Rushing B G, Long S R
Howard Hughes Medical Institute, Department of Biological Sciences, Stanford University, California 94305-5020, USA.
J Bacteriol. 1995 Dec;177(23):6952-7. doi: 10.1128/jb.177.23.6952-6957.1995.
Using PCR to create a probe based on conserved region 2 of sigma factors, we have cloned the sigA gene coding for the major sigma factor of Rhizobium meliloti. The 684-residue protein encoded by the sigA gene was expressed in vitro in coupled transcription-translation experiments with R. meliloti extracts and migrated aberrantly in sodium dodecyl sulfate-polyacrylamide gel electrophoresis. Its deduced amino acid sequence is similar to that of RpoD of Escherichia coli and is nearly identical to that of SigA of the closely related bacterium Agrobacterium tumefaciens. Through Southern analysis, we located the gene on the R. meliloti main chromosome rather than on one of the megaplasmids. The sigA locus does not appear to be part of a macromolecular synthesis operon (MMS), as in many other bacterial species, but rather lies downstream of a partial open reading frame showing similarity to the threonine dehydrogenase gene (tdh) of E. coli.

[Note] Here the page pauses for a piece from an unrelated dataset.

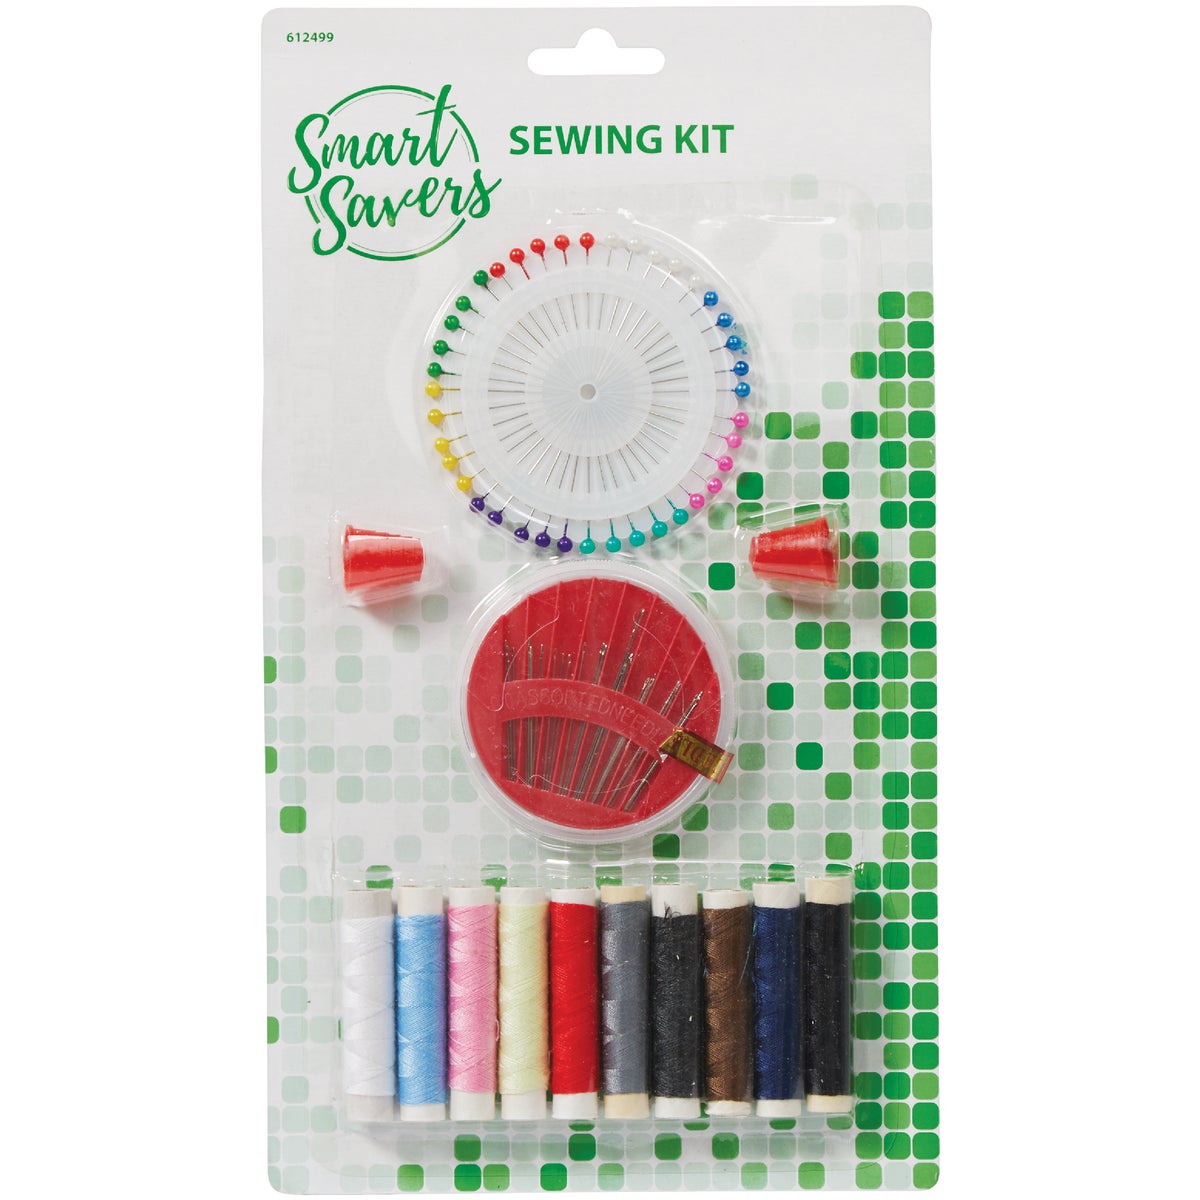 Item 612499, Smart Savers travel sewing kit

利用聚合酶链式反应(PCR)基于σ因子保守区域2创建探针,我们克隆了编码苜蓿根瘤菌主要σ因子的sigA基因。sigA基因编码的684个氨基酸残基的蛋白质,在与苜蓿根瘤菌提取物进行的体外偶联转录-翻译实验中表达,并在十二烷基硫酸钠-聚丙烯酰胺凝胶电泳中出现异常迁移。其推导的氨基酸序列与大肠杆菌的RpoD相似,与密切相关的细菌根癌土壤杆菌的SigA几乎相同。通过Southern分析,我们将该基因定位在苜蓿根瘤菌的主染色体上,而不是在其中一个大质粒上。与许多其他细菌物种不同,sigA基因座似乎不是大分子合成操纵子(MMS)的一部分,而是位于一个与大肠杆菌苏氨酸脱氢酶基因(tdh)相似的部分开放阅读框的下游。